ROOT = find_repo_root(Path.cwd().resolve())
if str(ROOT) not in sys.path:
    sys.path.append(str(ROOT))

from src.pipeline import load_config, load_price_matrix, run_pipeline


## 2. Episode Inventory and Metrics Snapshot


In [None]:
EPISODES = {
    'bybit_usdc_depeg_2023': 'Bybit spot - USDC depeg (2023-03-10 to 2023-03-11)',
    'okx_usdc_depeg_2023': 'OKX futures - USDC depeg (2023-03-10 to 2023-03-11)',
    'yen_unwind_2024_binance': 'Binance futures - Yen unwind (2024-08-05 to 2024-08-06)',
    'yen_followthrough_2024_binance': 'Binance futures - Follow-through (2024-08-07 to 2024-08-08)',
    'march_vol_2024_binance': 'Binance futures - March volatility (2024-03-12 to 2024-03-13)',
}

rows = []
for episode_id, label in EPISODES.items():
    metrics_path = ROOT / 'reports' / 'episodes' / episode_id / 'tables' / 'metrics.csv'
    if not metrics_path.exists():
        continue
    metrics = pd.read_csv(metrics_path, index_col=0)
    for variant in ['naive', 'gated']:
        if variant not in metrics.index:
            continue
        row = metrics.loc[variant].to_dict()
        row['episode'] = episode_id
        row['label'] = label
        row['variant'] = variant
        rows.append(row)

summary_df = pd.DataFrame(rows)
summary_df = summary_df[['episode', 'label', 'variant', 'sharpe', 'pnl_net', 'max_drawdown', 'turnover', 'flip_rate', 'active_ratio']]
summary_df.sort_values(['episode', 'variant'])

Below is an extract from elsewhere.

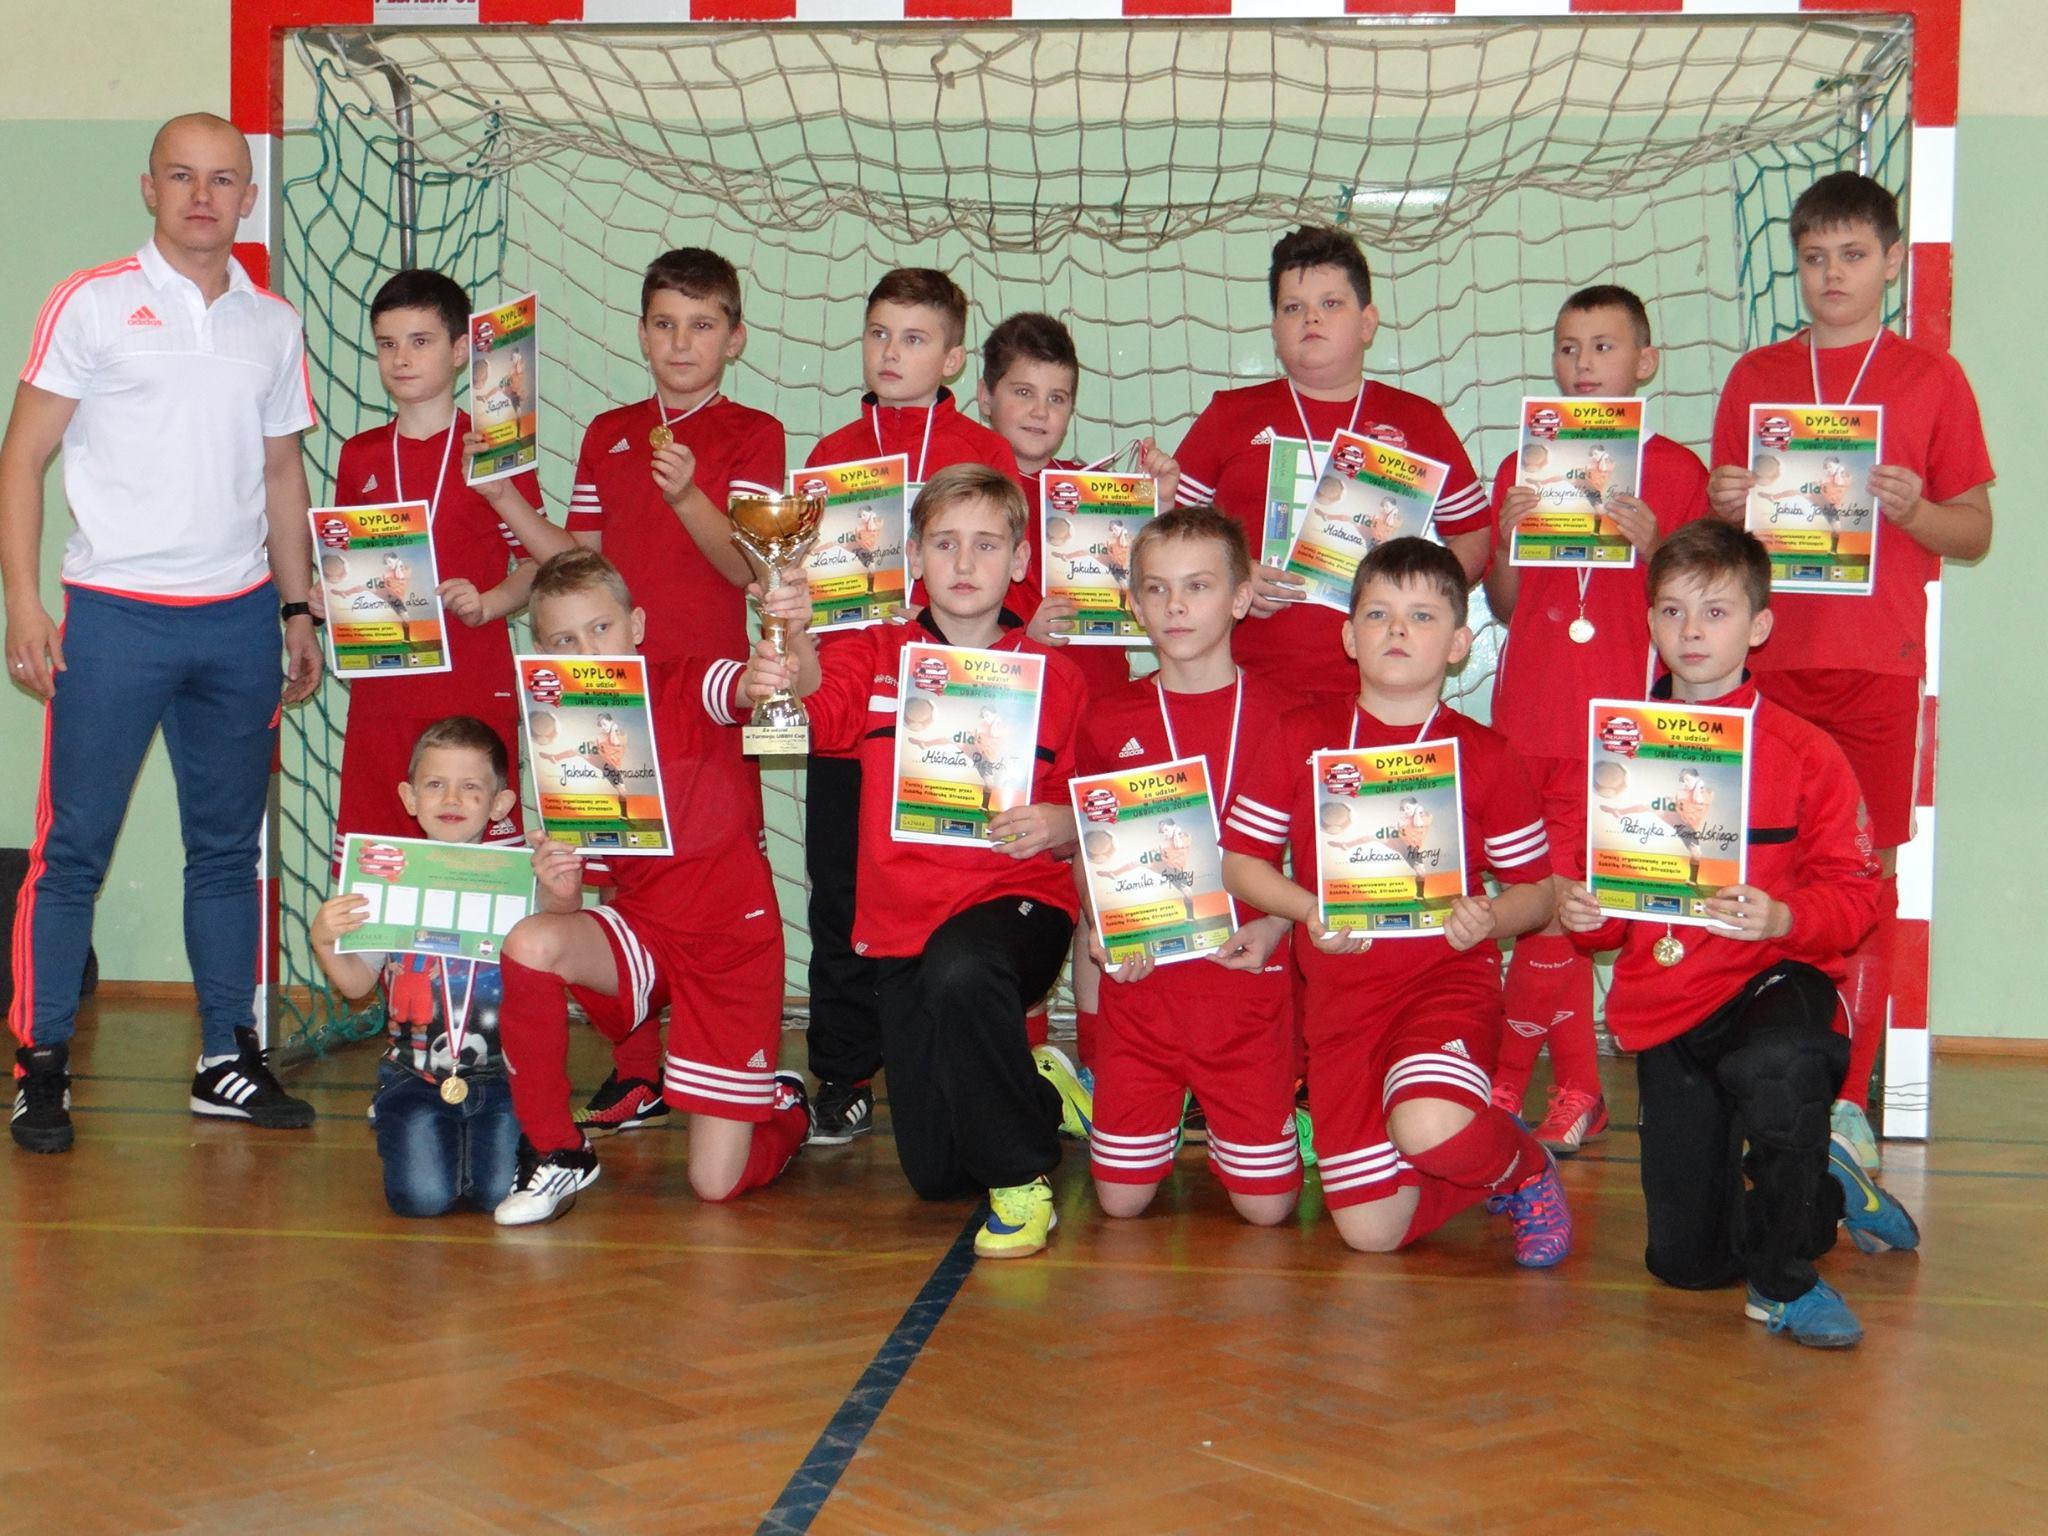 da79936cf116 Stowarzyszenie zajmuje się trenowaniem dzieci. Naszym celem jest rozwój  umiejętności piłkarskich od najmłodszych lat.

## 3. On-Chain Validation Layer

`onchain_proxy` comes from DefiLlama stablecoin price history (`tether` vs `usd-coin`) and is compared to market-implied `stablecoin_proxy`.

Key diagnostics:
- `onchain_proxy`
- `onchain_divergence = stablecoin_proxy - onchain_proxy`
- `onchain_depeg_flag`


### Proxy Availability & Interpretation Notes

- Debiased premium `p` is most informative on episodes where cross-asset USDC/USDT proxy pairs are available (typical Binance perp windows).
- For episodes with limited cross-asset coverage, this project uses fail-closed defaults (`premium.fail_on_missing_proxy: true`) and skips incompatible windows in multi-episode reports.
- If fail-closed is intentionally disabled for diagnostics, interpret those runs primarily as depeg safety/on-chain validation checks rather than full debiased-premium demonstrations.



In [None]:
def plot_onchain_episode(episode_id: str, title: str):
    signal_path = ROOT / 'reports' / 'episodes' / episode_id / 'tables' / 'signal_frame.csv'
    if not signal_path.exists():
        print(f'Missing signal frame for {episode_id}: {signal_path}')
        return

    frame = pd.read_csv(signal_path)
    frame['timestamp_utc'] = pd.to_datetime(frame['timestamp_utc'], utc=True, errors='coerce')
    frame = frame.set_index('timestamp_utc').sort_index()

    fig, axes = plt.subplots(2, 1, figsize=(14, 8), sharex=True)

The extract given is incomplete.